Die Folgen des Zollstreits werden derzeit in vielen laufenden Restrukturierungen zu einem entscheidenden Faktor, beobachtet Riaz Janjuah, Partner im Bereich Restrukturierung & Insolvenz bei Linklaters. „Vielfach müssen Sanierungskonzepte neu berechnet werden. Das kann beispielsweise dazu führen, dass sich ein höherer Finanzierungsbedarf ergibt oder gar die Sanierungsfähigkeit infrage steht.“
Vielfach müssen Sanierungskonzepte neu berechnet werden.
Riaz Janjuah, Linklaters
In der Bundesrepublik dürften die Insolvenzen laut Allianz Trade 2025 im Vergleich zum Vorjahr sogar um 11% auf 24.400 Fälle zulegen. Besondere Sorgen bereitet den Analysten dabei die anhaltend hohe Zahl an Großinsolvenzen. Diese gehen mit besonders hohen Schäden einher – und bergen zudem die Gefahr von Folgeinsolvenzen entlang der Lieferkette.
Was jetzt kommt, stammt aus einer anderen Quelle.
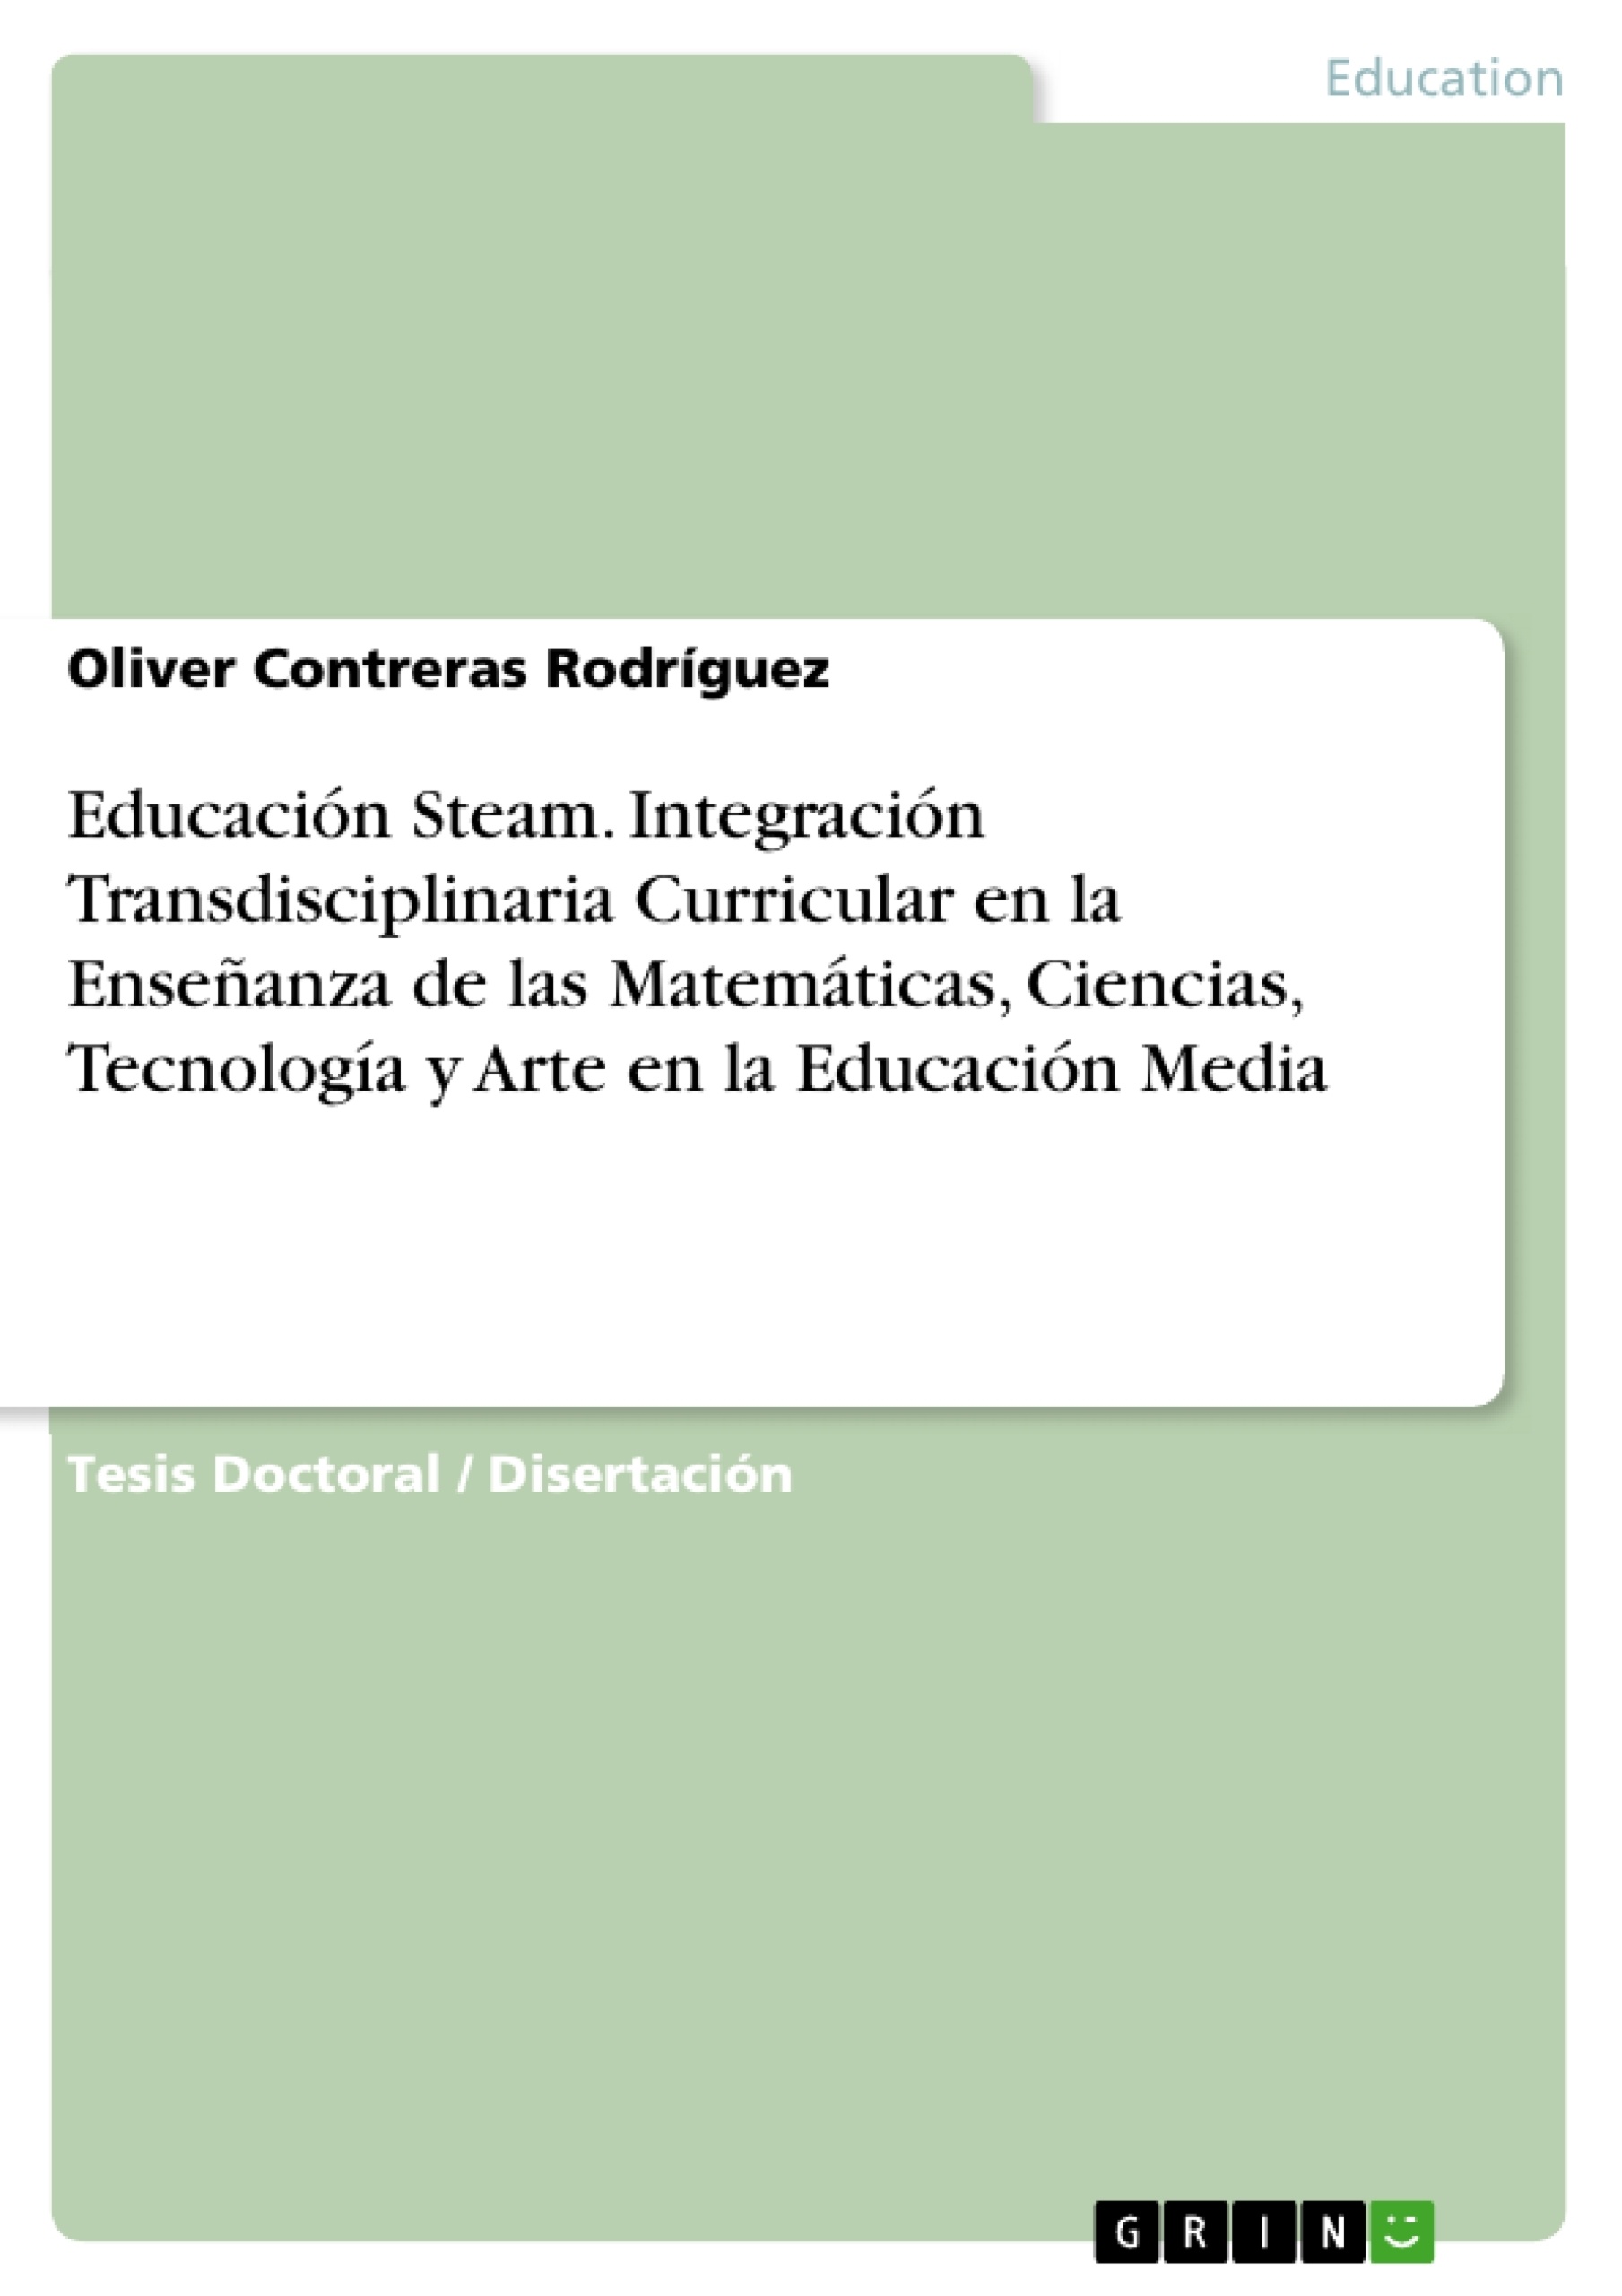 Título: Educación Steam. Integración Transdisciplinaria Curricular en la Enseñanza de las Matemáticas, Ciencias, Tecnología y Arte en la Educación Media

Handelskonflikt verschärft Lage
Weltweit zählt Allianz Trade in der Umsatzklasse ab 50 Mill. Euro im ersten Quartal weltweit 122 Großinsolvenzen, das entspricht im Schnitt mehr als einer Insolvenz am Tag und ist für einen Jahresauftakt der höchste Wert seit 2015. Zudem steigen die Schäden: Der Gesamtumsatz der insolventen Großkonzerne ist im Vergleich zum Vorjahresquartal um 7% auf 43 Mrd. Euro gestiegen.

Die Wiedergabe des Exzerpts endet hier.